II. Vertical agreements on the prohibition of online sales


With regard to vertical agreements concerning the prohibition of online sales, it should be noted that this type of prohibition, even when it is justified by security reasons, is penalised under French law because it constitutes a restriction to competition which is likely to create an illegal agreement penalised by Article L420-1 of the Commercial Code. In the present case, the notifications of claims of February 13, 2015 and March 28, 2019 both reproach several companies with having prohibited the online sales of sunglasses and spectacle frames to their approved retailers. However, the claim of February 13, 2015 was unclear and was quashed for all companies. The Authority sanctioned Chanel, Luxottica and LVMH for having inserted clauses in their licensing agreements (in particular the agreements concluded between Chanel and LVMH and those between LVMH and Logo) and in their selective distribution agreements (concluded in particular between Luxottica and its authorised distributors for certain brands), which constituted an anti-competitive restriction by object because they prohibited authorised retailers from selling their products online. More specifically, in the case of the cartel between LVMH and Logo, the companies were accused of prohibiting authorized TAG Heuer distributors from selling by correspondence, including Internet sales as all distributors were required to obtain prior written authorization from TAG Heuer before selling their products on the Internet. TAG Heuer had tried to justify this clause by the fact that this prohibition was in fact only aimed at pure players who did not meet their selectivity criteria. The same applied to the selective distribution contracts set up by Logo, where “any other form of distribution, promotion or particular sale is subject to the previous written approval of Logo”.


With regard to the practices alleged against Chanel and Luxottica, here too several licence agreements and standard contracts expressly mentioned the agreement of the parties that the products in question could not be sold over the Internet. In particular, this prohibition was provided for Luxottica with regard to certain authorised distributors.
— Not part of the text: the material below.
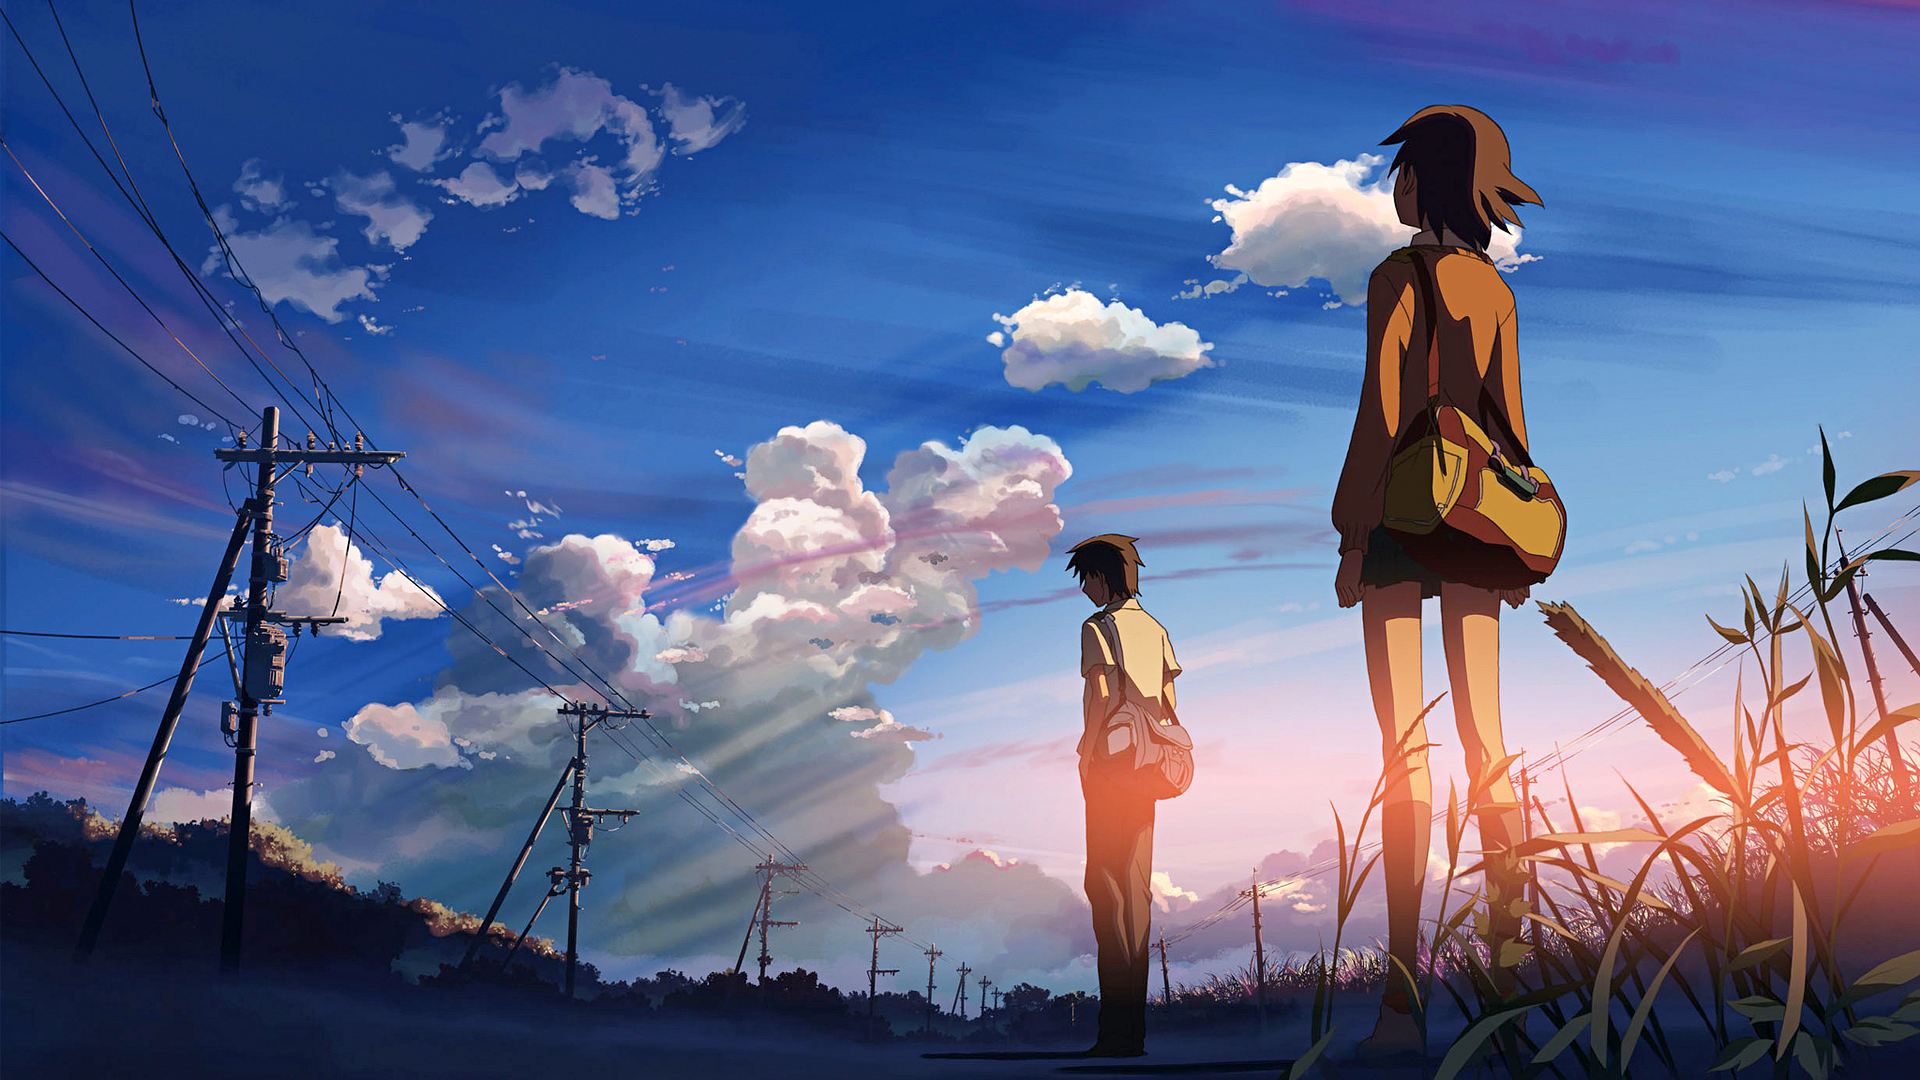 What Japanese anime has the most beautiful visuals? - Quora

Whether it was the cartels between LVMH and Logo, or those between Chanel and Luxottica, the companies had tried to justify their practices on the basis on economic and technical grounds, and those relating to the health and comfort of consumers.


However, the Authority rejected these arguments because in this case the prohibitions were general and absolute, rather than justified and proportionate to a legitimate interest, and therefore could not be exempted. In this case, the French Authority noted that these practices had the consequence of closing a distribution channel at the expense of consumers and distributors, which therefore limited the competition.


However, the French Authority had a conciliatory interpretation of the serious nature of the practice. Indeed, there was uncertainty in the case law as to the lawfulness of a ban on online sales, but also because there was little consumer demand for this sales channel. Thus, the Authority recognised that the impact of the damage on the economy was limited. The Competition Authority therefore fined Luxottica EUR 697,000, Chanel EUR 130,000 and LVMH EUR 500,000 for this charge.